**Extracted material**.
+-------+

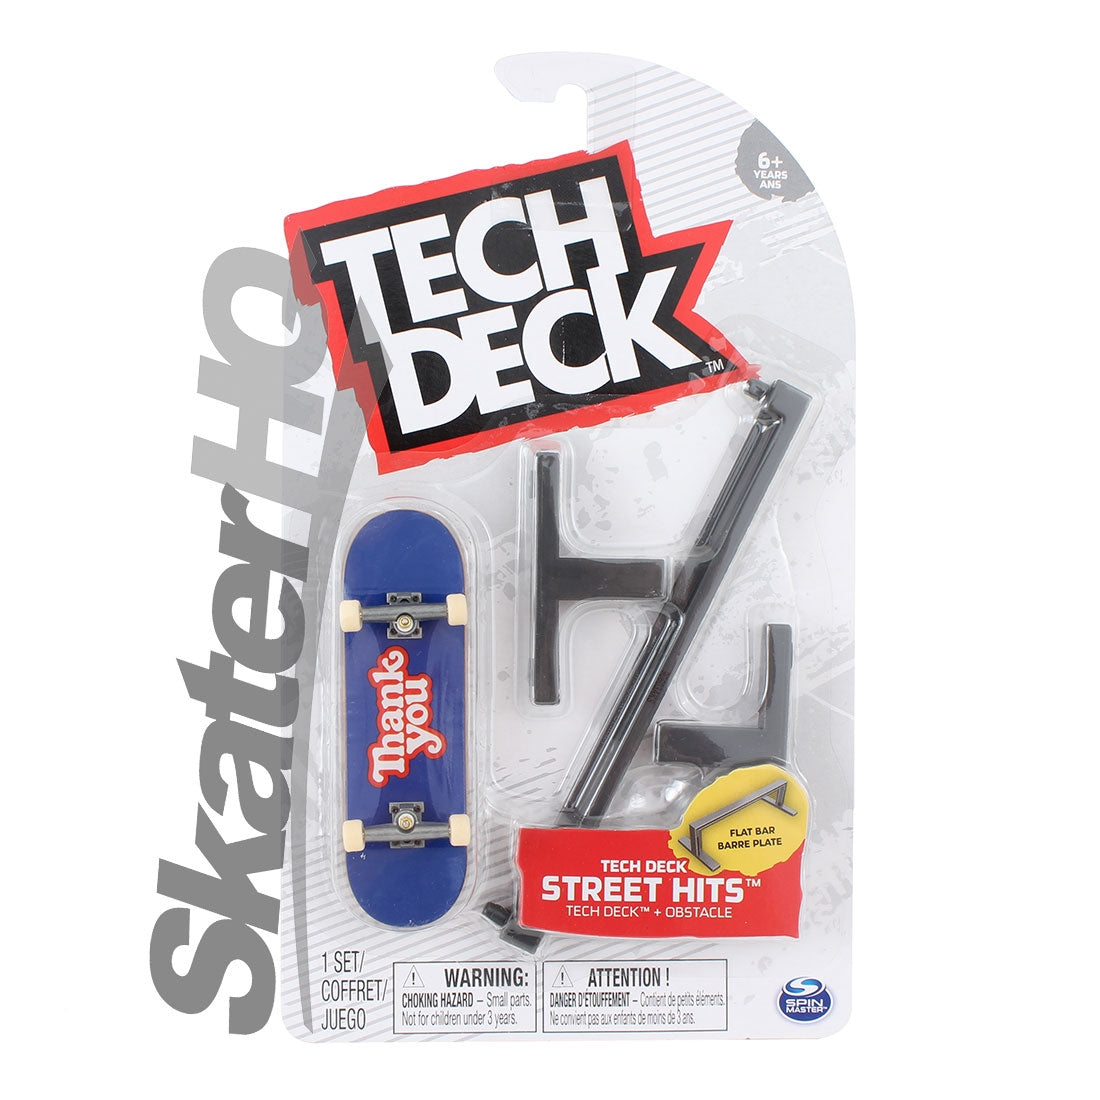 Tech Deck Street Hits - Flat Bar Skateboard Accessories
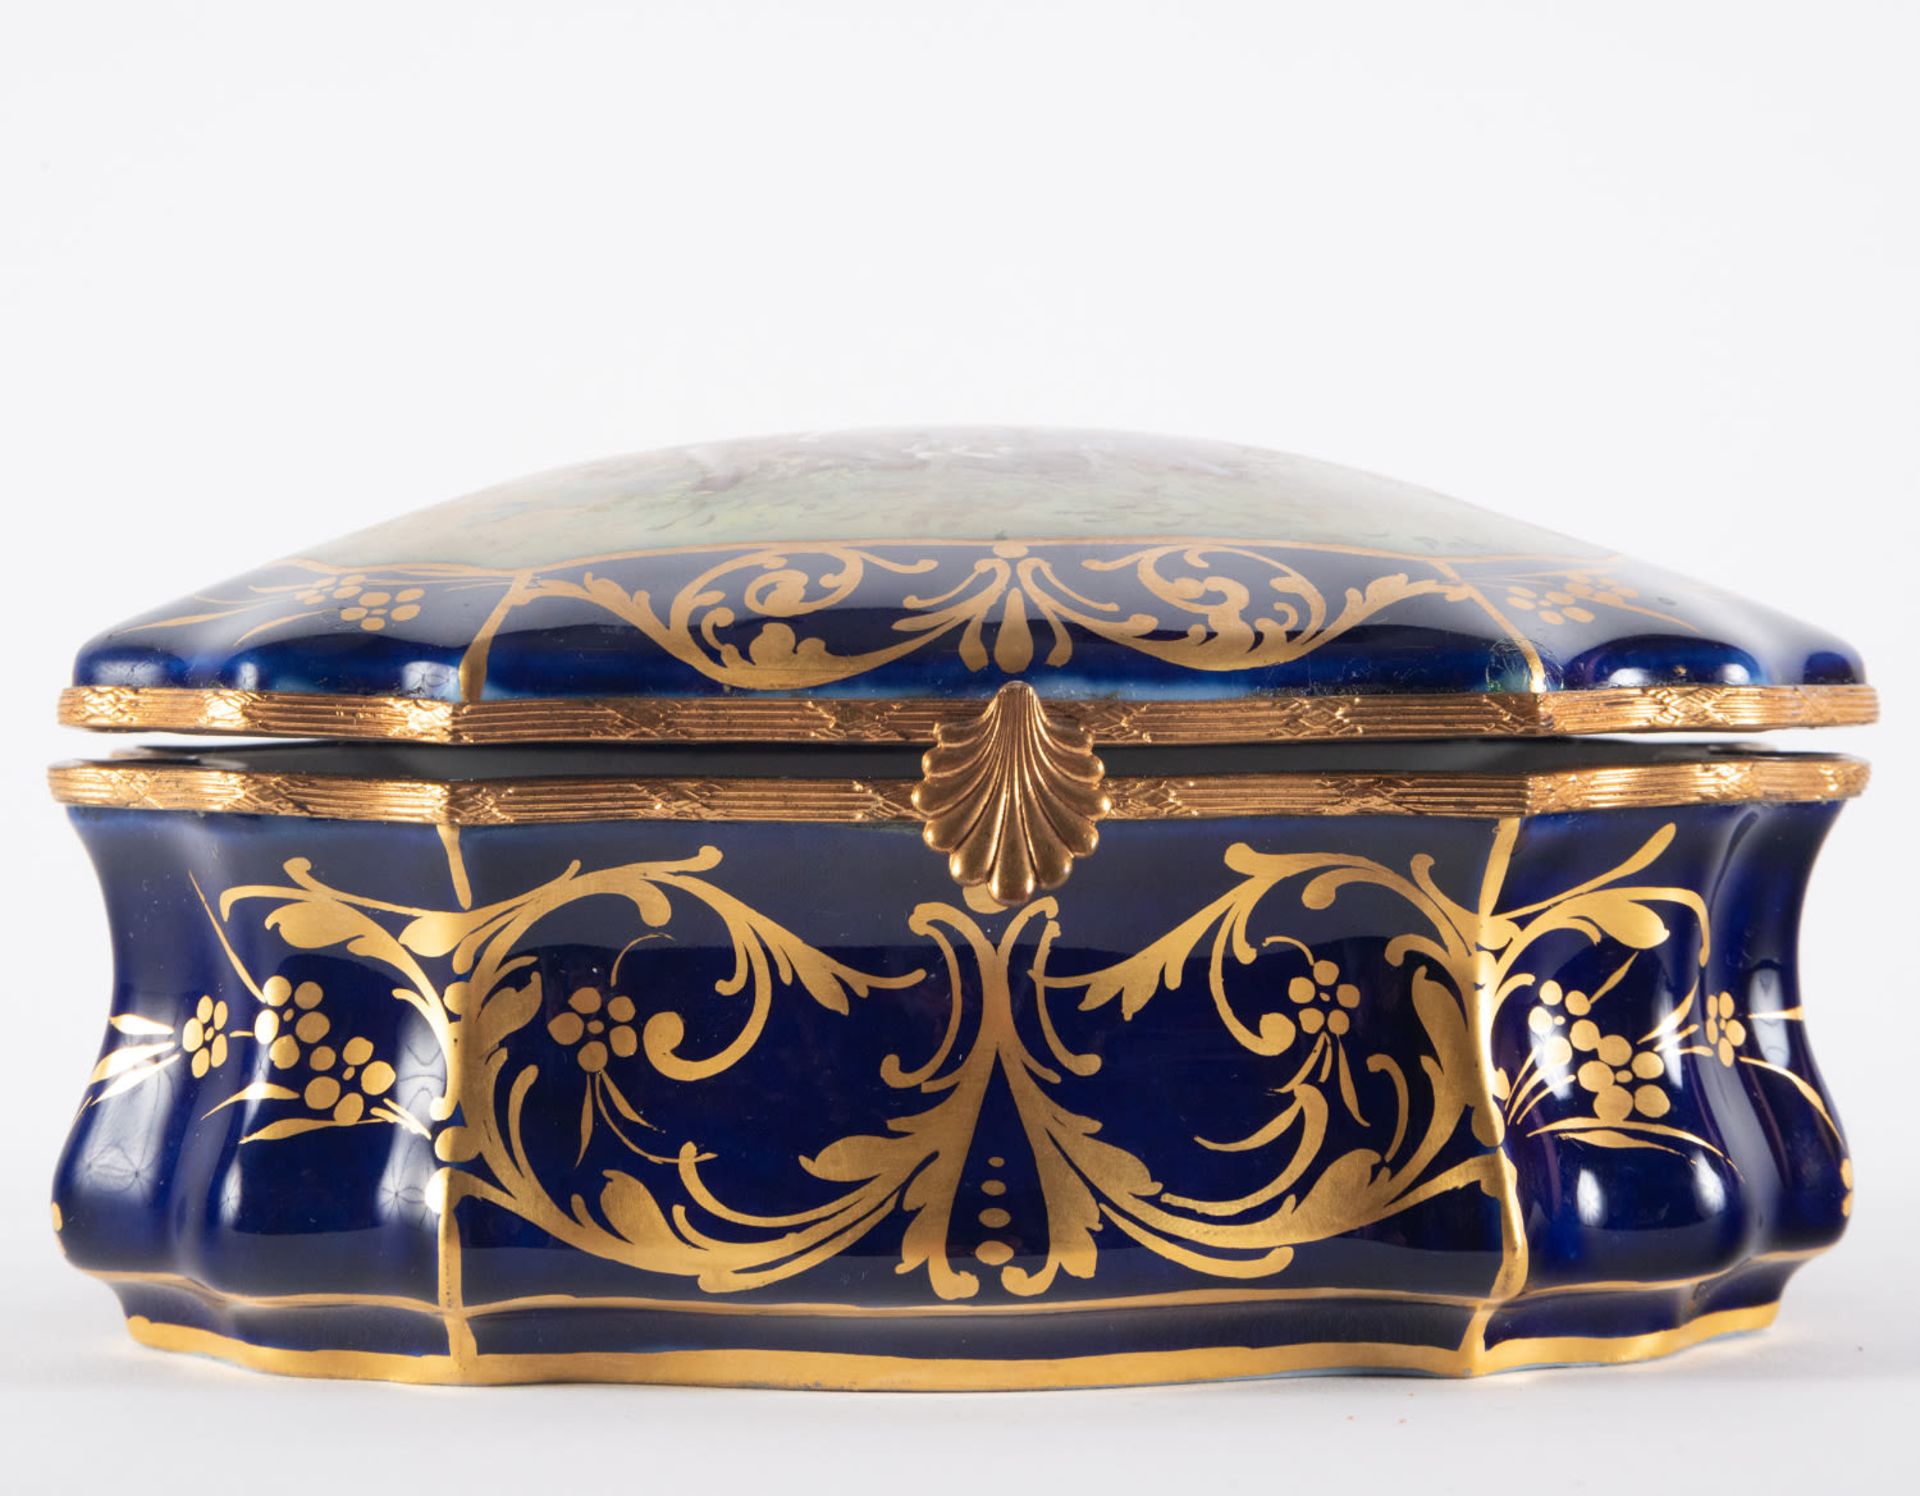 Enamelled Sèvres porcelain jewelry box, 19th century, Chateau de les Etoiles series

+-------+

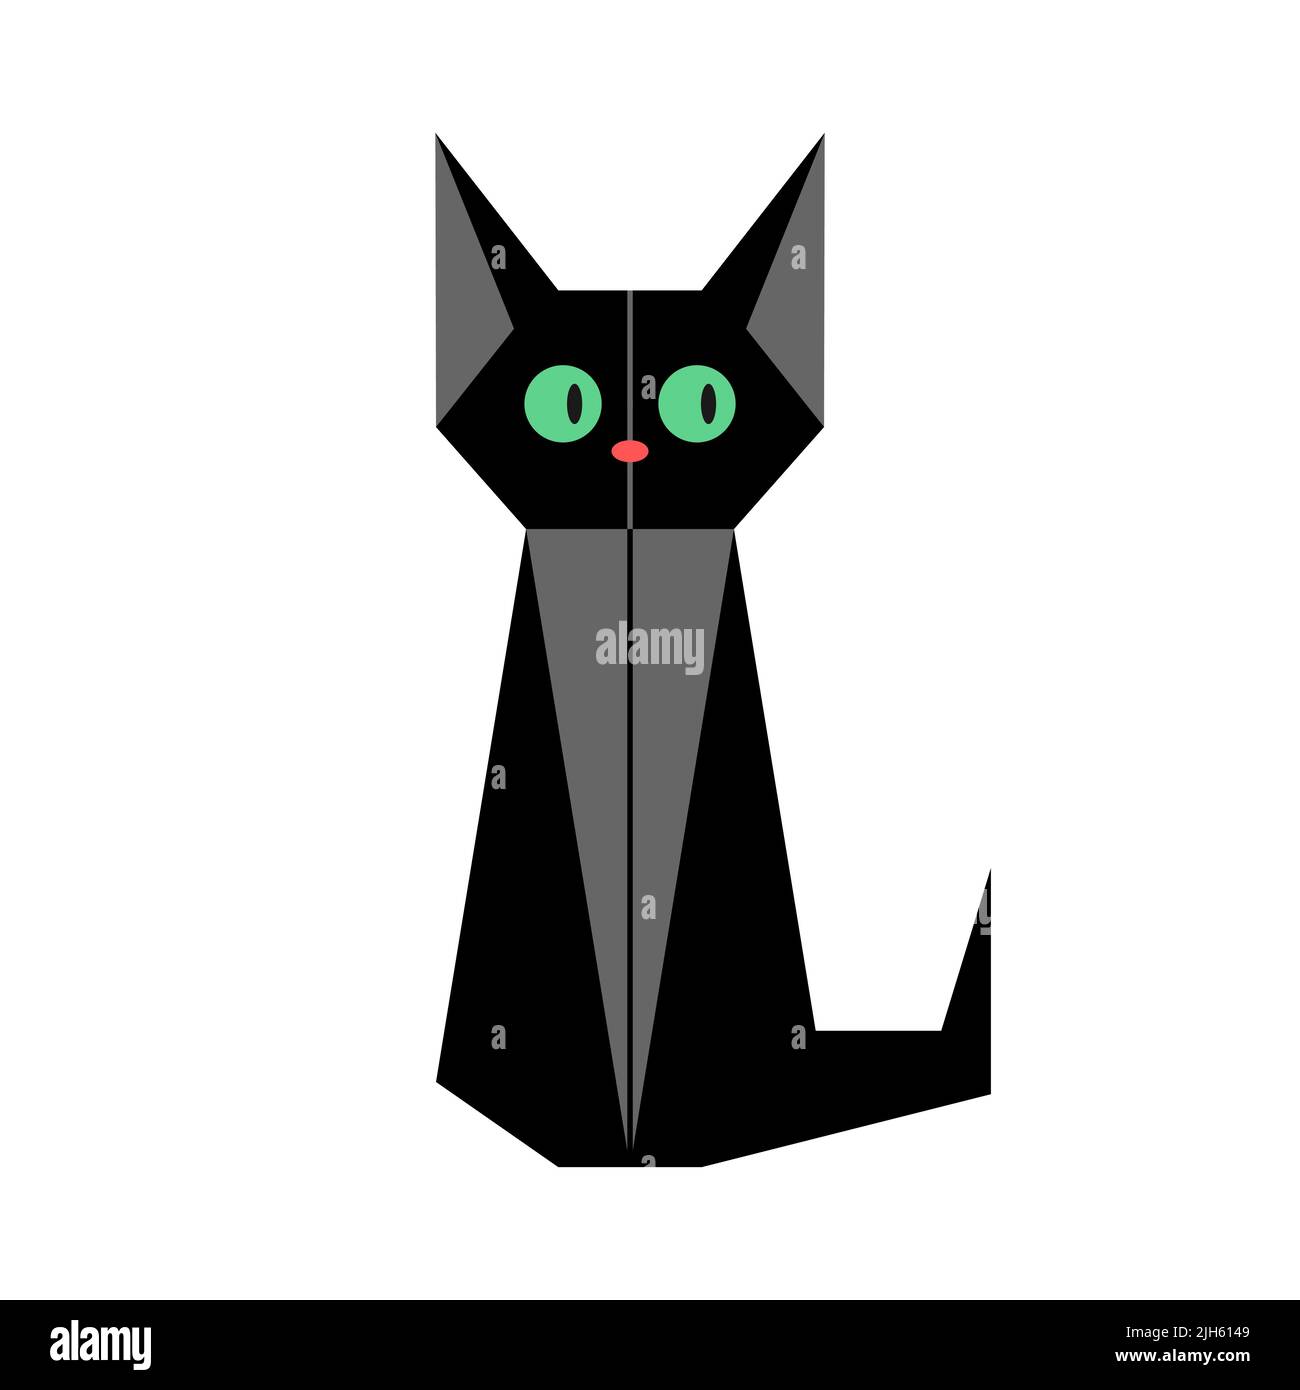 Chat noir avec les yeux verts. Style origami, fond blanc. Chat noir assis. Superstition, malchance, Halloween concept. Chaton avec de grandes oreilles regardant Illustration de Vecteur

+-------+

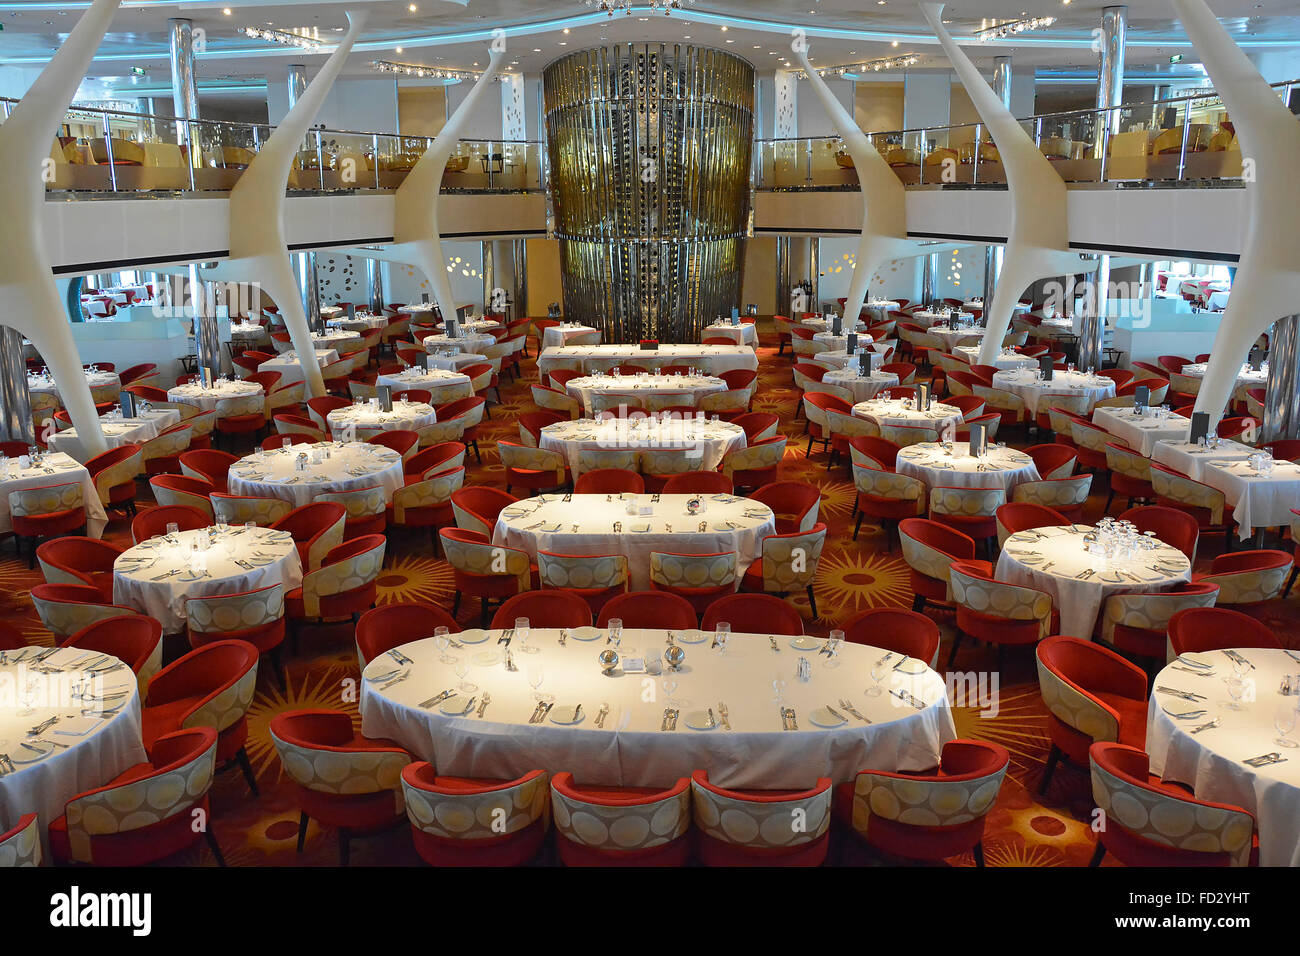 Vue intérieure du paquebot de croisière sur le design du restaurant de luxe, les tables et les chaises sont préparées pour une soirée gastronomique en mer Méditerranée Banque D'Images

+-------+

**Exercise instructions**.
Copy exactly the part of the material above that opens with the line containing "Tech Deck Street" and closes with the line containing "Enamelled Sèvres porcelain", ends included. Drop the images.

**Exercise solution**.
 Tech Deck Street Hits - Flat Bar Skateboard Accessories
 Enamelled Sèvres porcelain jewelry box, 19th century, Chateau de les Etoiles series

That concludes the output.